Task directions :: Look below for the line with "Fairie Dust 8x8 Pad"; begin the copy there and stop after the line with "Dom letni z", keeping the text exact and the pictures out.

Provided material ::

☆ ☆ ☆ ☆

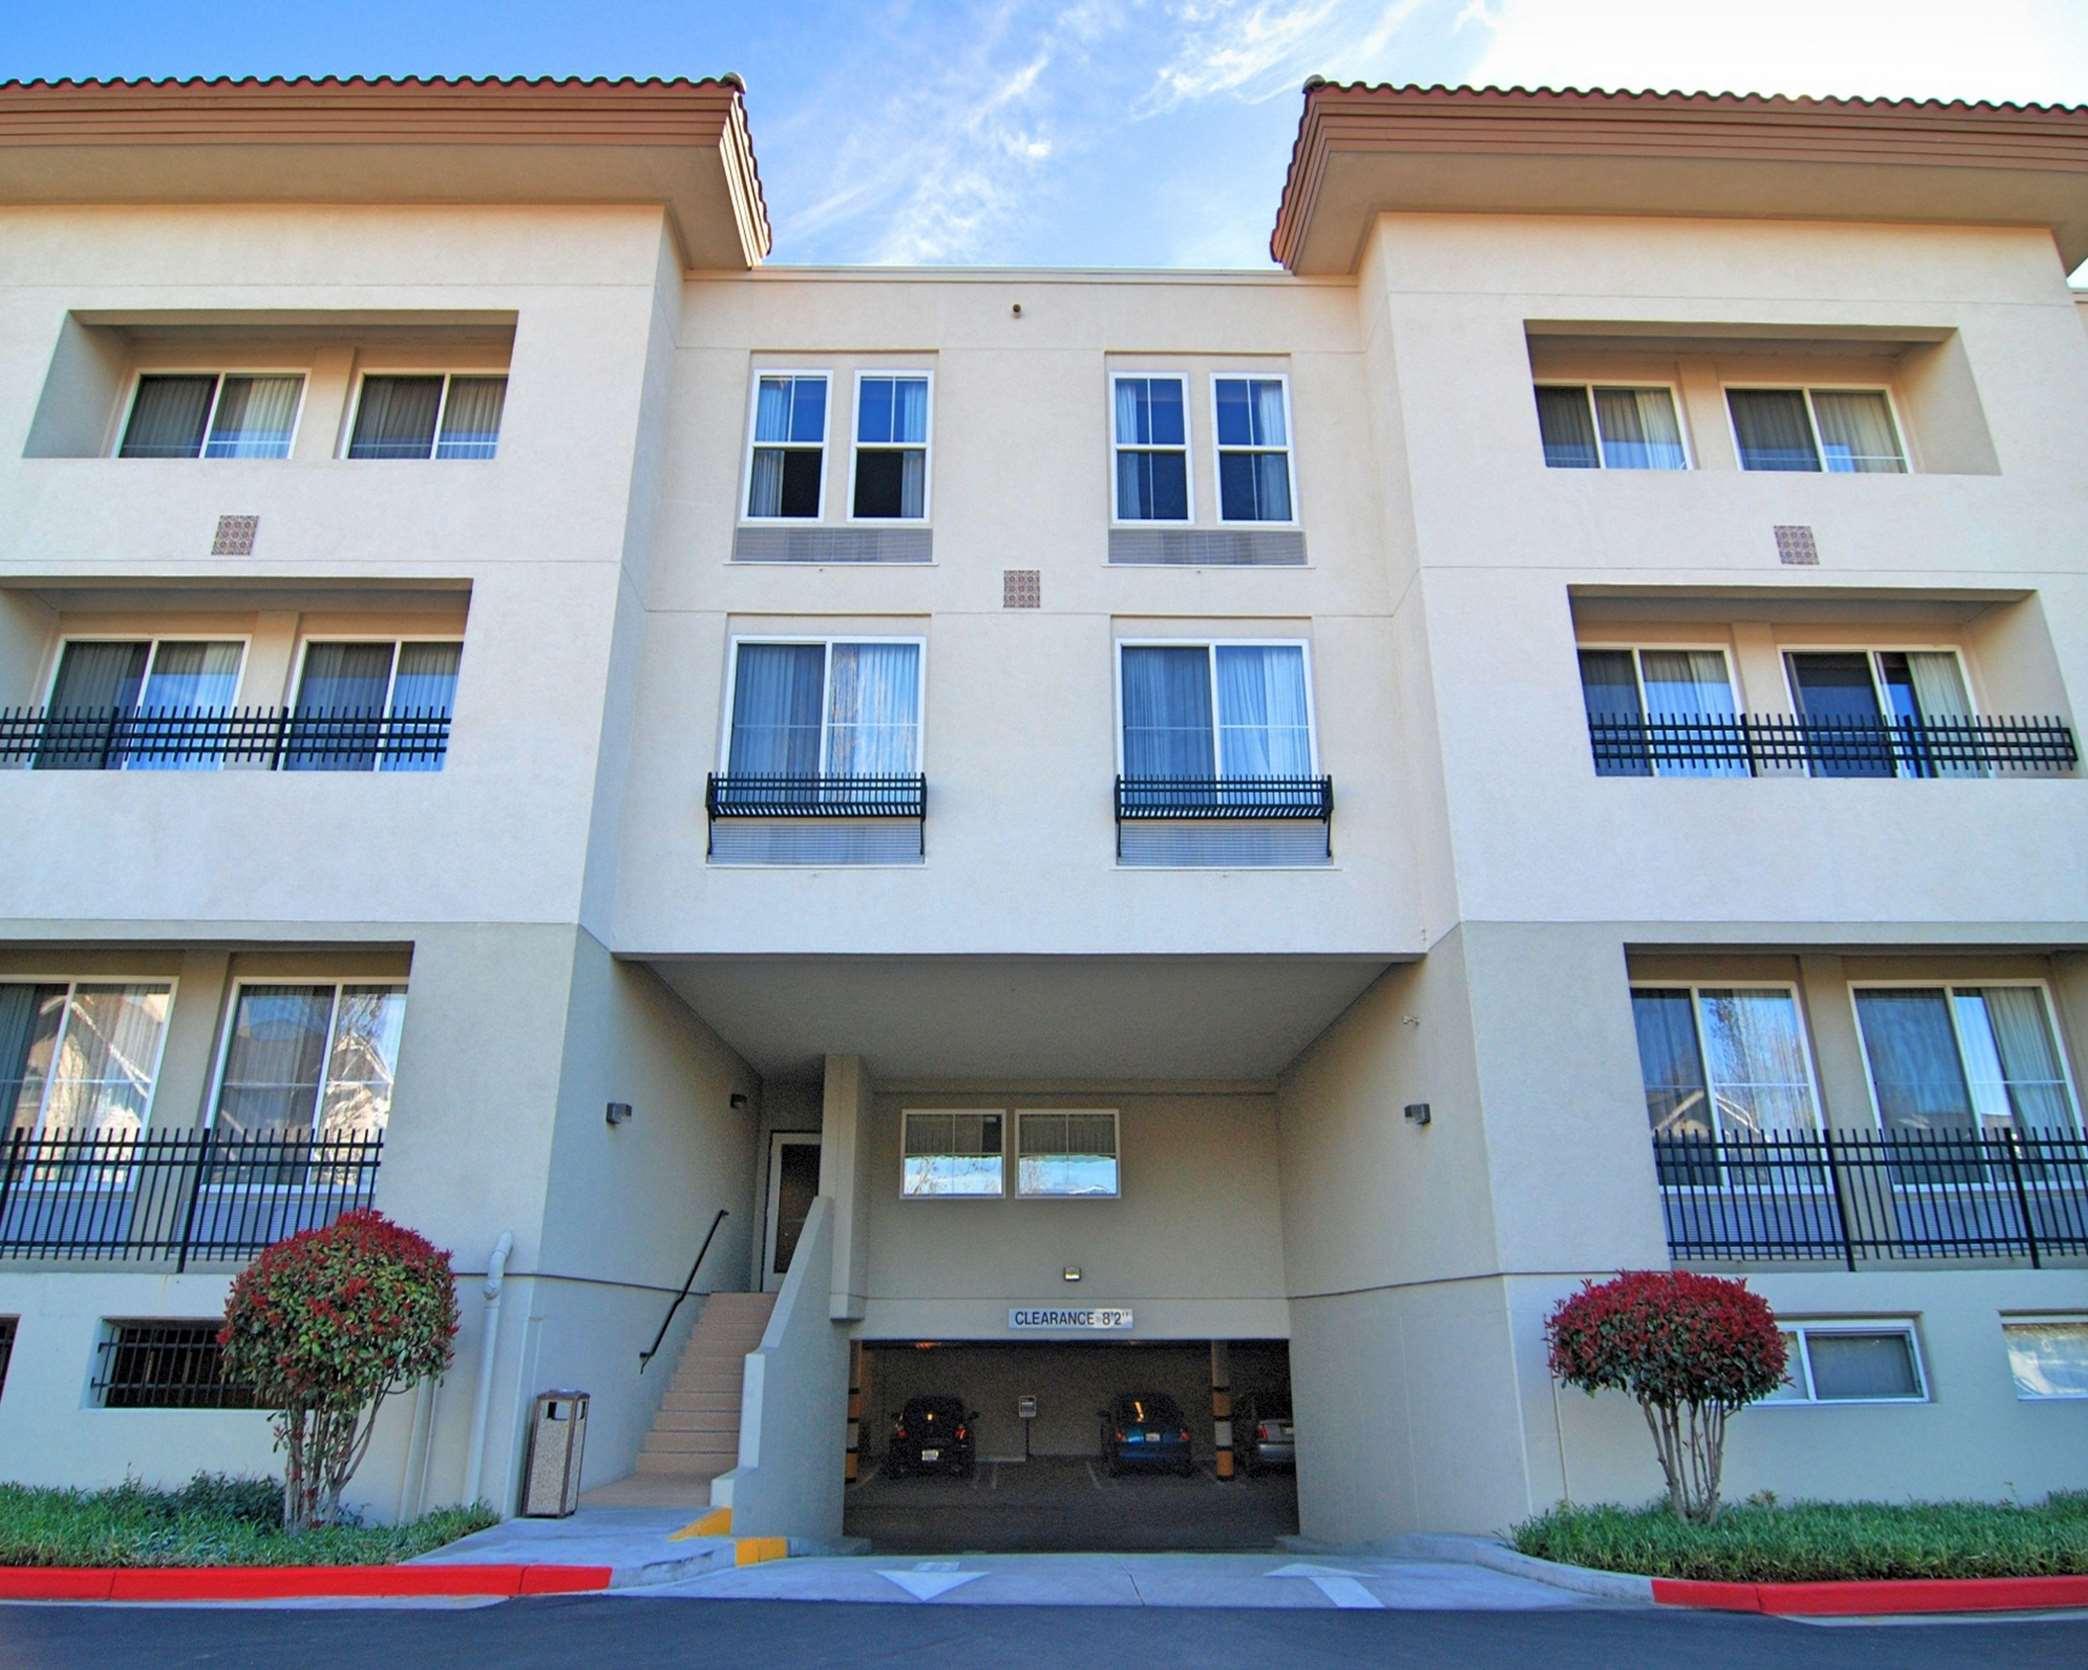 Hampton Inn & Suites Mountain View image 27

☆ ☆ ☆ ☆

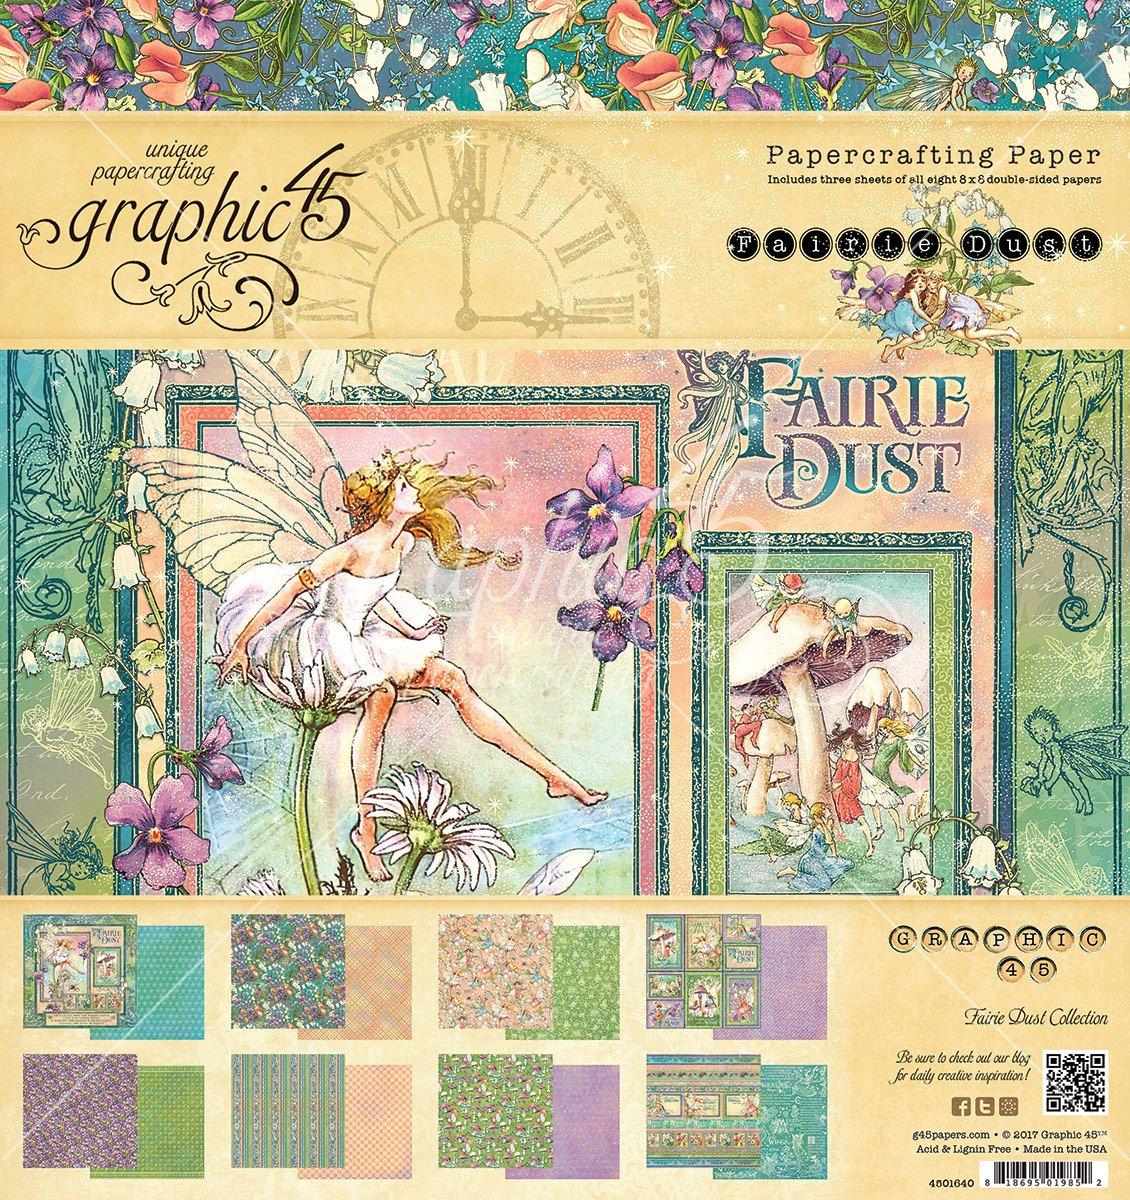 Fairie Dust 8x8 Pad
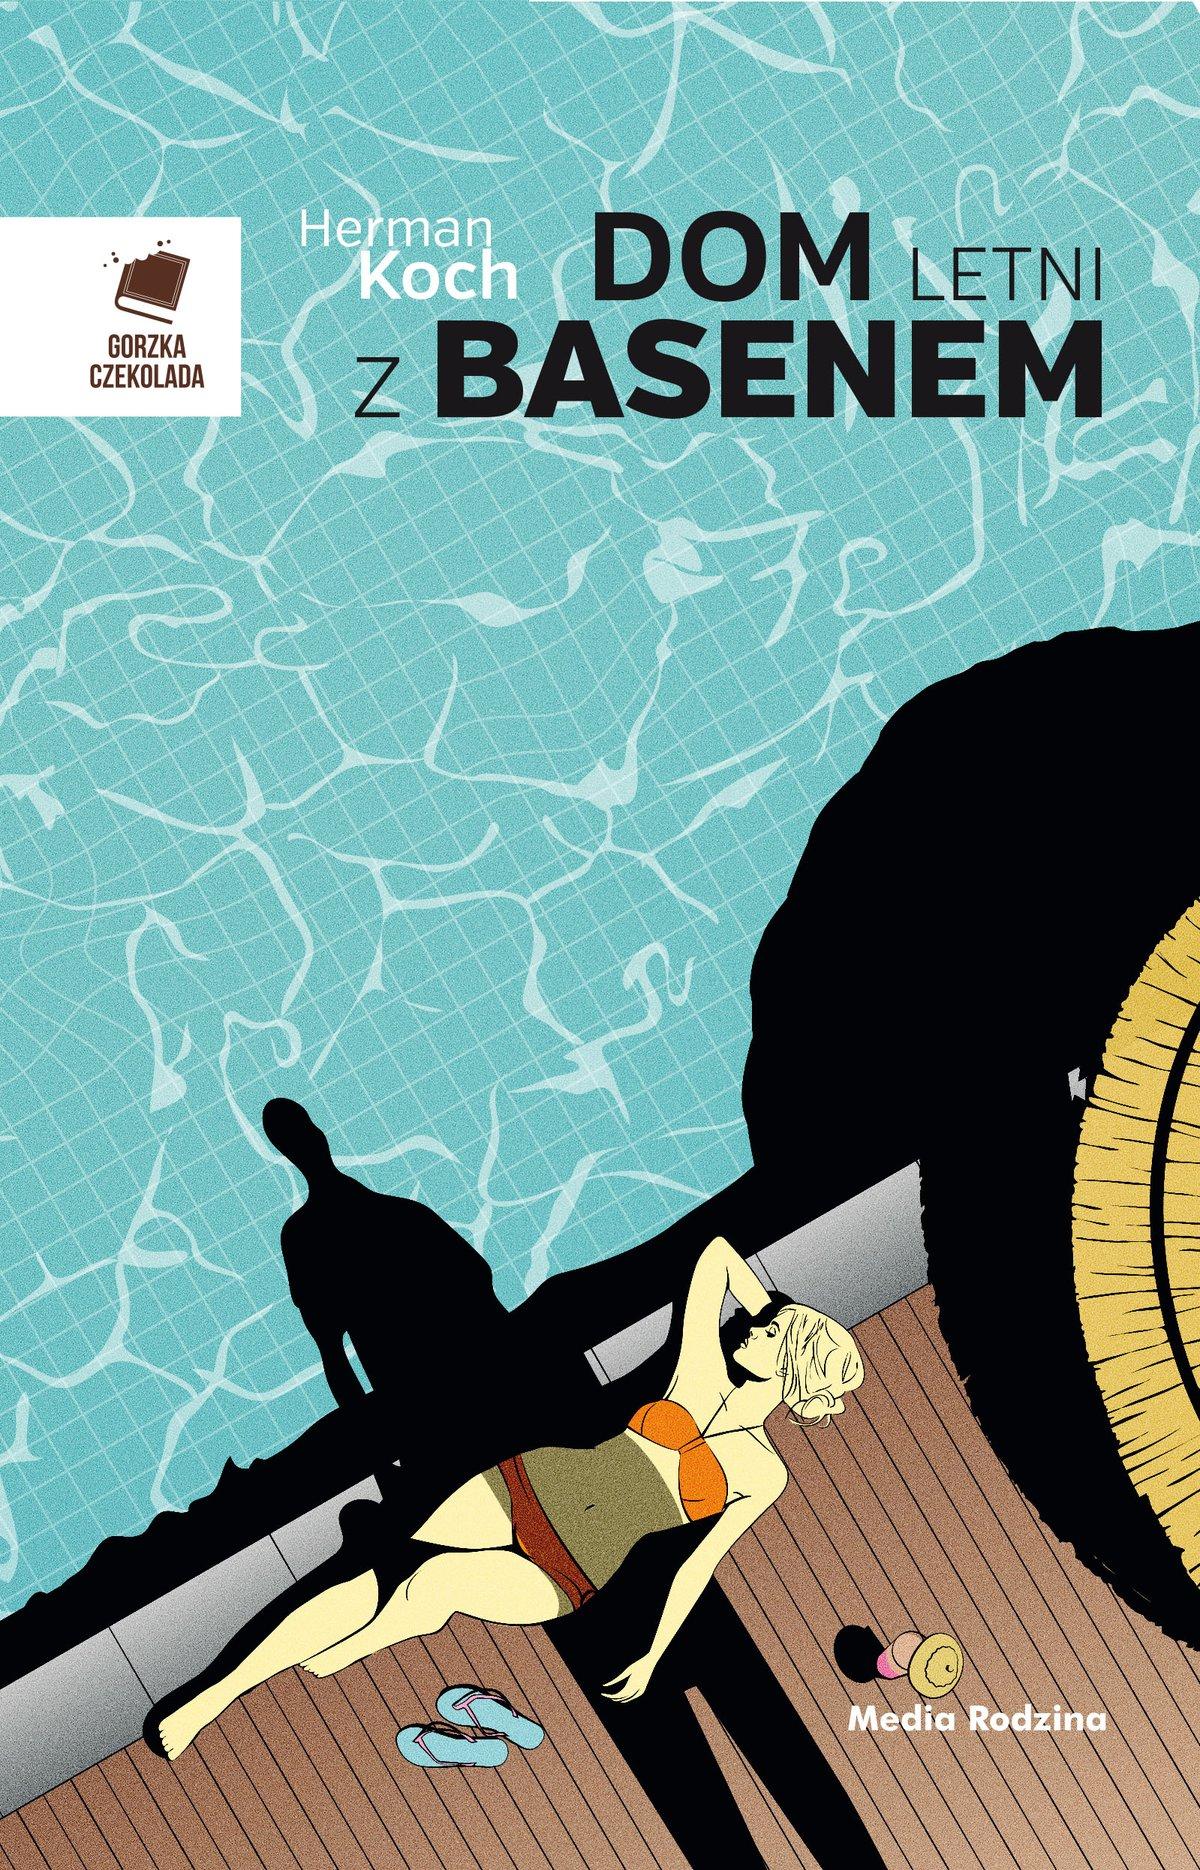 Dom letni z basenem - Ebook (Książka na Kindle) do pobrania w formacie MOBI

☆ ☆ ☆ ☆

Expected output ::
 Fairie Dust 8x8 Pad
 Dom letni z basenem - Ebook (Książka na Kindle) do pobrania w formacie MOBI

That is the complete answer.